God gave us quite of a number of wonderful analogies in scripture to describe our relationship to Him, but none are as poignant as the relationship between a shepherd and a lamb. Join Stephen in this study of Psalm 23 to learn why. Access all of the resources and lessons in this series:


Fellowship in the Word
Bil Gebhardt

Just like sheep, you and I need a shepherd. The reason for that is because we're prone to going astray. So Isaiah the prophet would say, all we like sheep have gone where?

Astray. Every one of us have turned to our own way, Isaiah 53. David himself would later write in another song 119 verse 176, I have gone astray just like a lost sheep. The human race is in desperate need of a shepherd.

The trouble is we will follow just about anything and just about anyone. King David knew an awful lot about straying sheep and carrying shepherds. Early in his life, he was a shepherd. He spent his days with sheep and with the community of shepherds in Israel.

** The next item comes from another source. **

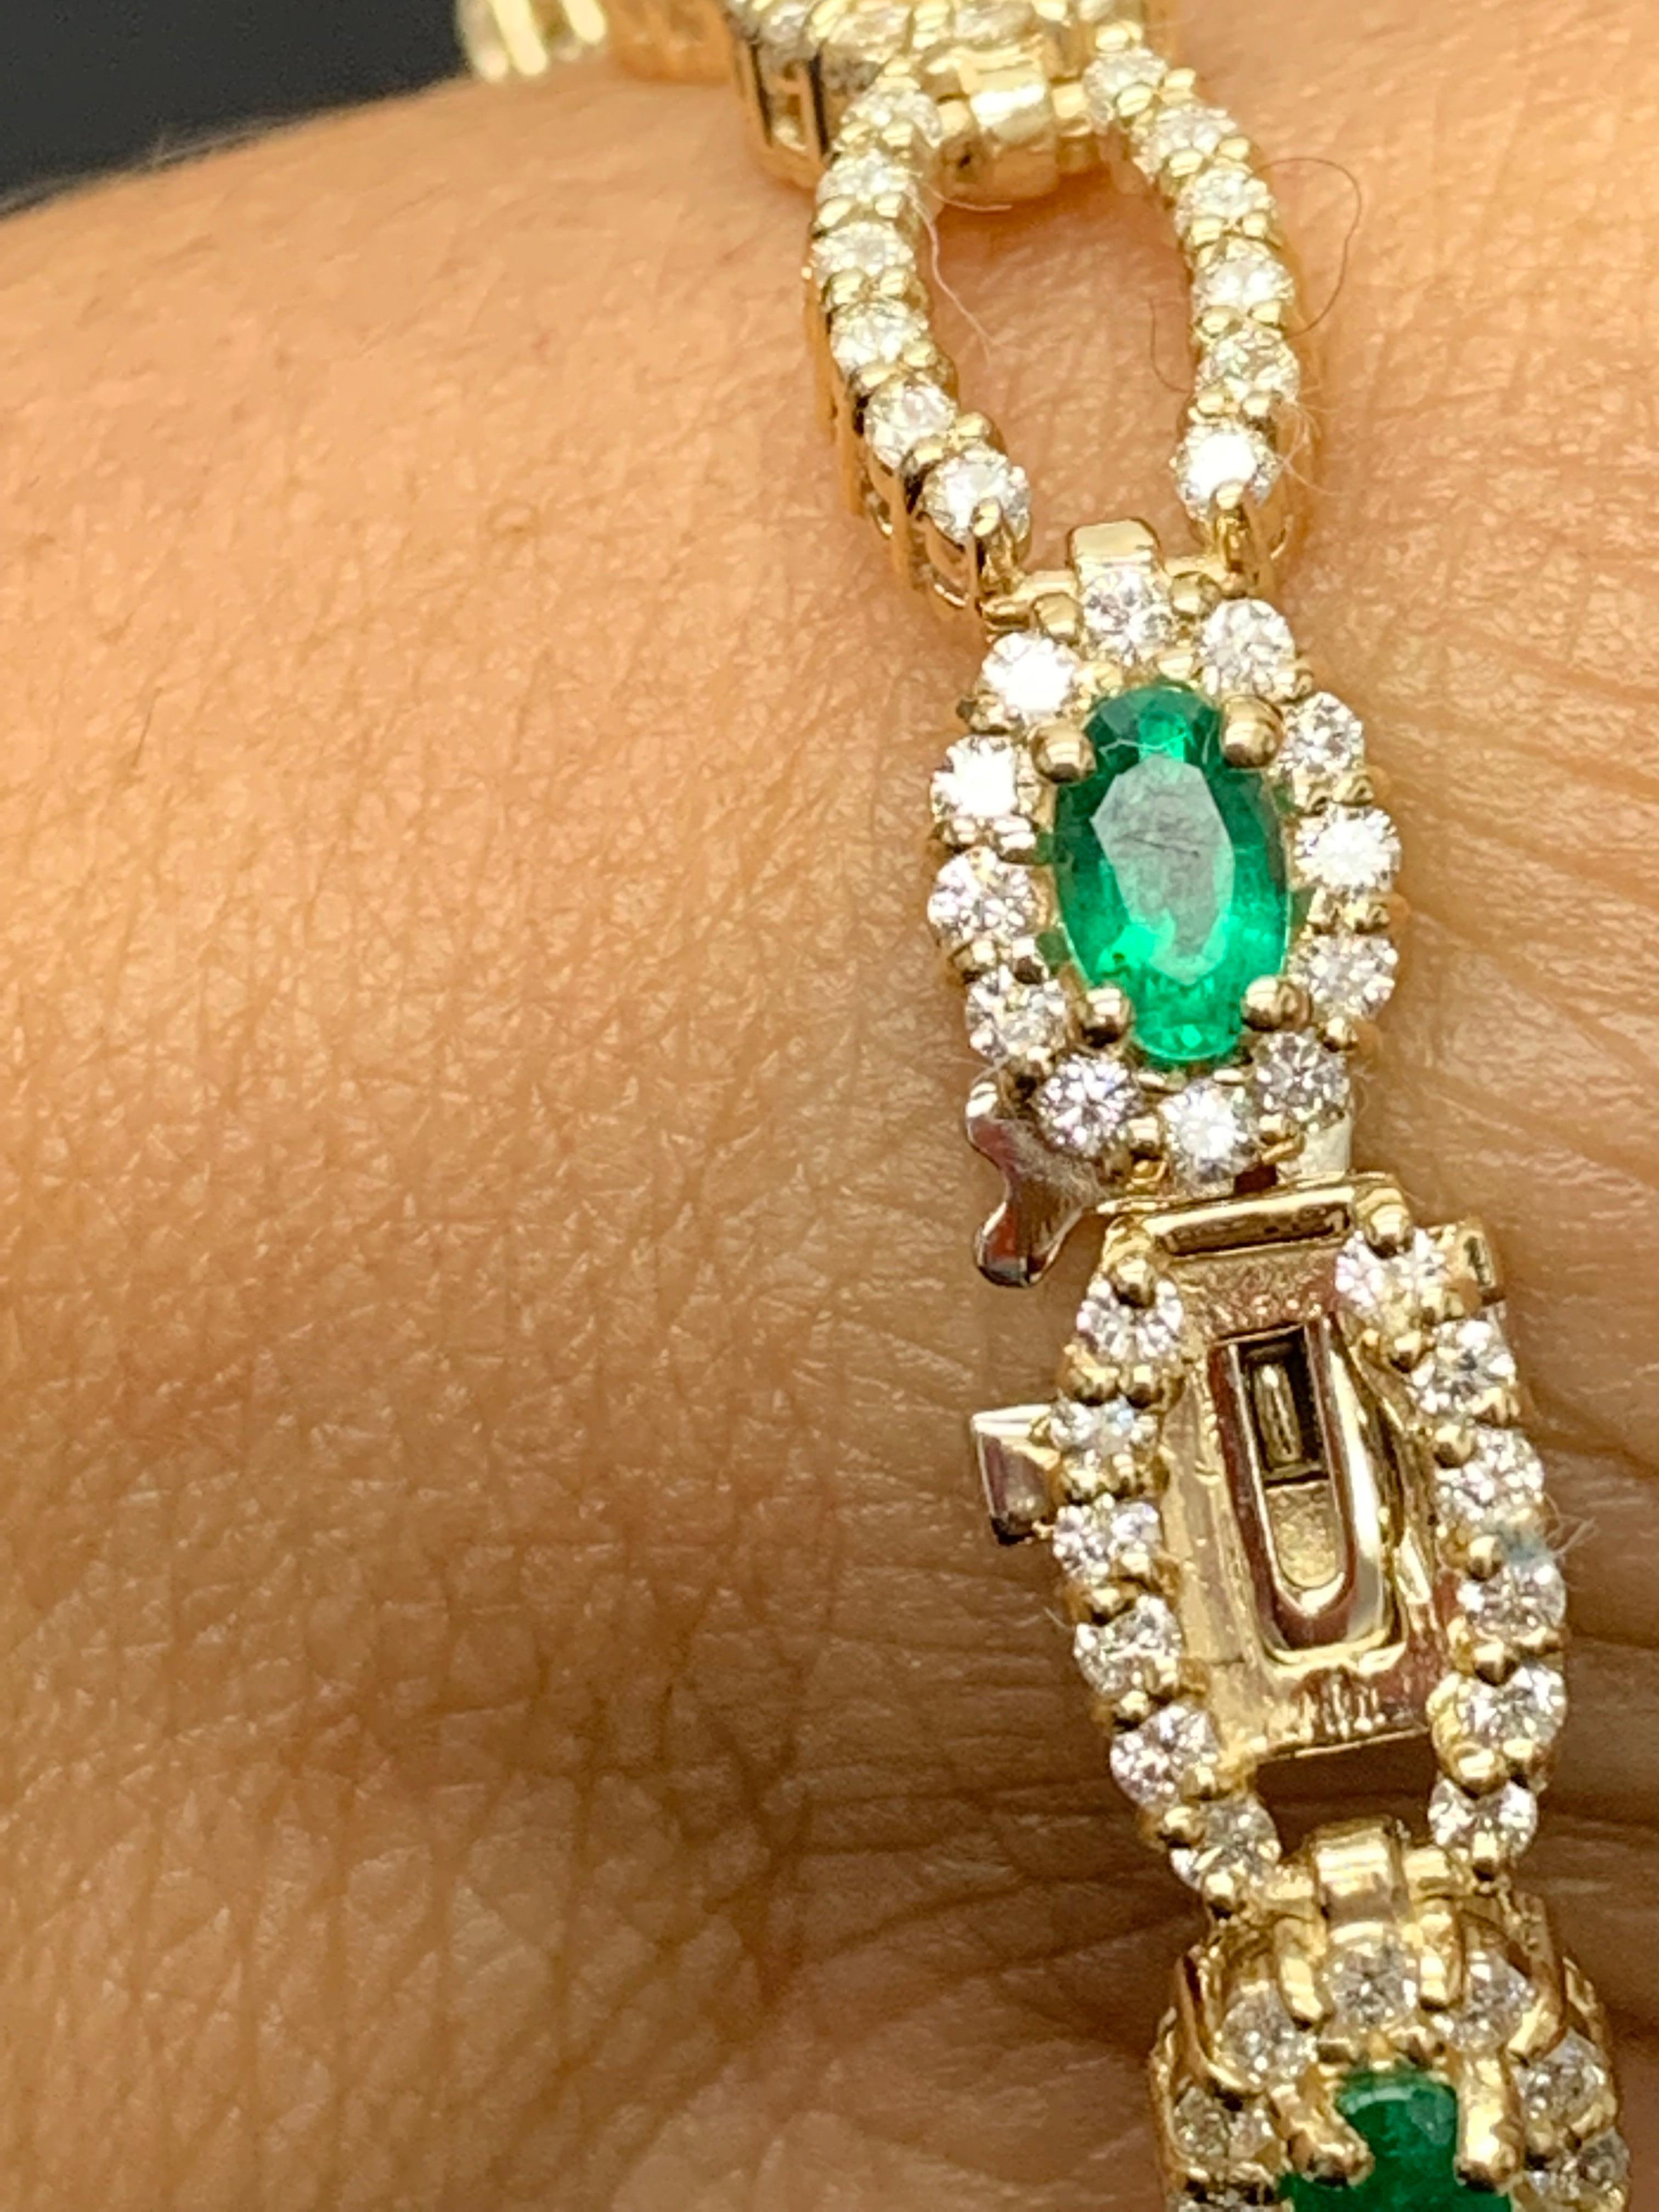 Open-Work 2.13 Carat Emerald and Diamond Bracelet in 14K Yellow Gold For Sale 4

He wrote a beautiful psalm about the Lord being his shepherd. He knew that just like he cared for sheep, he needed the Lord to care for him. That psalm is our text today here on Wisdom for the Heart. Stephen Davies beginning a series today on some of King David's songs.

We're starting with one that many people know, Psalm 23. This message is called Introducing the Creator Shepherd. One of my recent journals has as its cover that arrived this week. It's the only journal I subscribe to. It's an evangelically directed magazine called World magazine. There were color pictures of conflicts in Syria and in Egypt where there's escalating bloodshed, other conflicts around the world, the nuclear struggles in Iran or their ambitions.

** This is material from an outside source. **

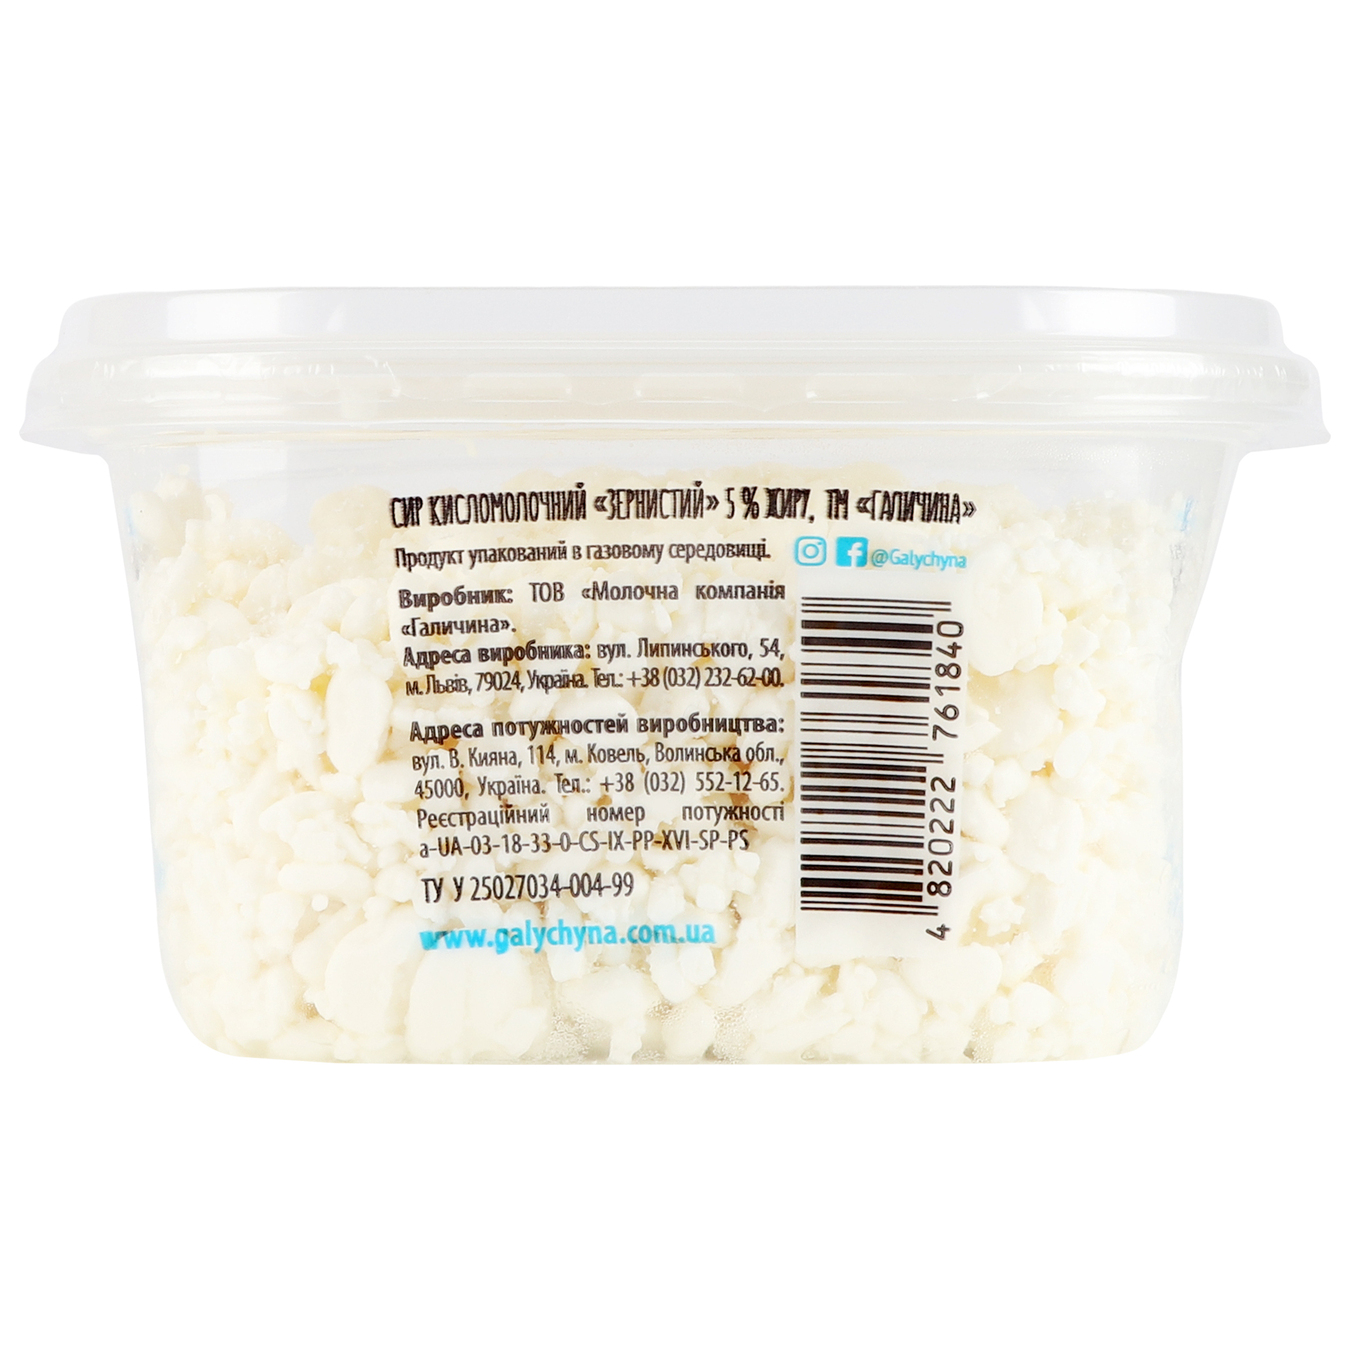 Halychyna cottage cheese in a tray 5% 300g 3

I should say the growth of Al Qaeda in Algeria battles of a different sort have occurred in our own borders, haven't they? But they have a common theme. And I thought of this as I was reading through this. We may be allowed to own a Bible. And as North Korea's president, as I mentioned in our earlier session, put to death about 80 people just recently and some of them for just simply owning a copy of the Bible. The battles we're facing, we may be allowed to own a Bible, but our culture is battling over whether or not you can follow it or believe it. One northern state in World magazine was mentioned as having passed a bill defining personhood to begin in the womb. And I thought, outstanding.

That's wonderful. And the population of that state are going to be voting on that measure of the year ahead, which obviously doesn't mean it's going to do anything because courts can overrule what people vote and approve. Many states in the country, this was mentioned as well, are currently or potentially poised to join other states that have already redefined the core definition of marriage so that now a man can have a husband and a woman can have a wife. Still more this past year. Recently, the governor of one state signed into law the banning of any counseling of minors that attempts to convert them to heterosexuality.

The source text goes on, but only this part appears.